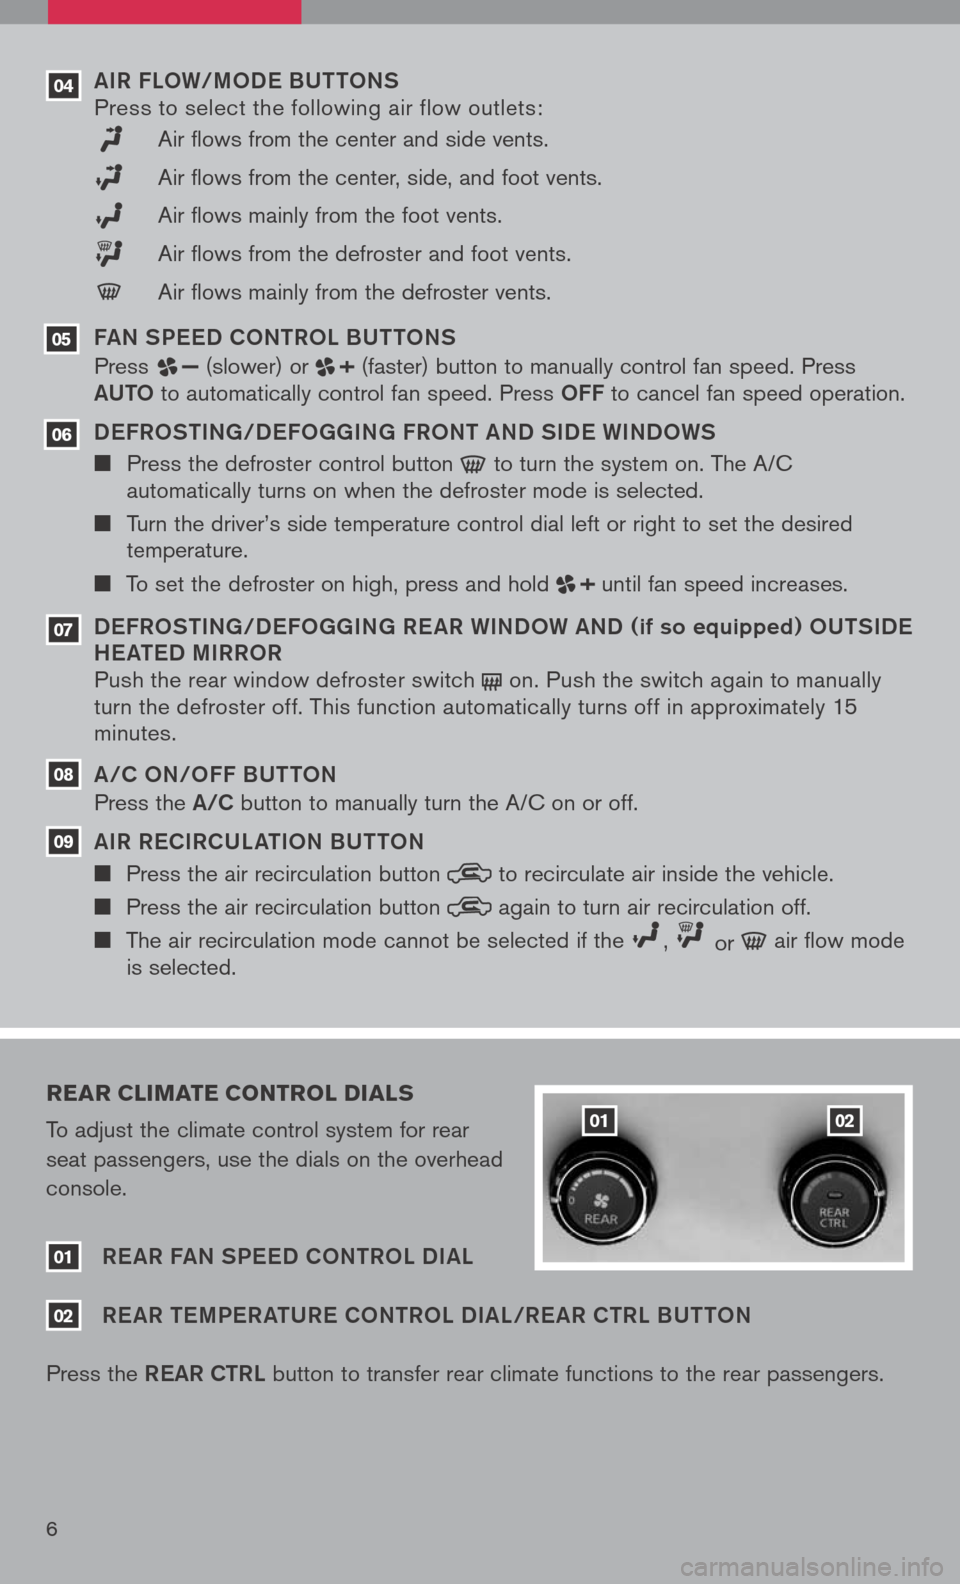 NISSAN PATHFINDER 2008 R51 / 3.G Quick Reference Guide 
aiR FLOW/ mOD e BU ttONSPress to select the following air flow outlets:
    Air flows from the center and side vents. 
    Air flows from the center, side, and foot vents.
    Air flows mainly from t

┄┄┄┄┄┄┄┄┄┄

● WORK ITEM
Reproduce only the lines running from the one that contains "Air flows from the center, side, and" to the last line of the records.

● RESULT OF THIS TASK
    Air flows from the center, side, and foot vents.
    Air flows mainly from t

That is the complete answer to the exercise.